**EXERCISE DESCRIPTION:**
Find the line holding "Памятник Иосифу Кобзону" in the entries below. Give it again exactly, along with every line after it up to and including the line holding "TRAS PERSECUCIÓN LOCALIZAN".

**DATA FOR THE TASK:**
▬▬▬▬▬▬▬▬▬▬

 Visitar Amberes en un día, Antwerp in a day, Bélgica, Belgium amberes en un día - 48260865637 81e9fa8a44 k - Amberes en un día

▬▬▬▬▬▬▬▬▬▬

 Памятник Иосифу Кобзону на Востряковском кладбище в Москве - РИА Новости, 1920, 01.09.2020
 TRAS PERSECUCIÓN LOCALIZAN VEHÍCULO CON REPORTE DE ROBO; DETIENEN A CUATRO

▬▬▬▬▬▬▬▬▬▬

**EXERCISE SOLUTION:**
 Памятник Иосифу Кобзону на Востряковском кладбище в Москве - РИА Новости, 1920, 01.09.2020
 TRAS PERSECUCIÓN LOCALIZAN VEHÍCULO CON REPORTE DE ROBO; DETIENEN A CUATRO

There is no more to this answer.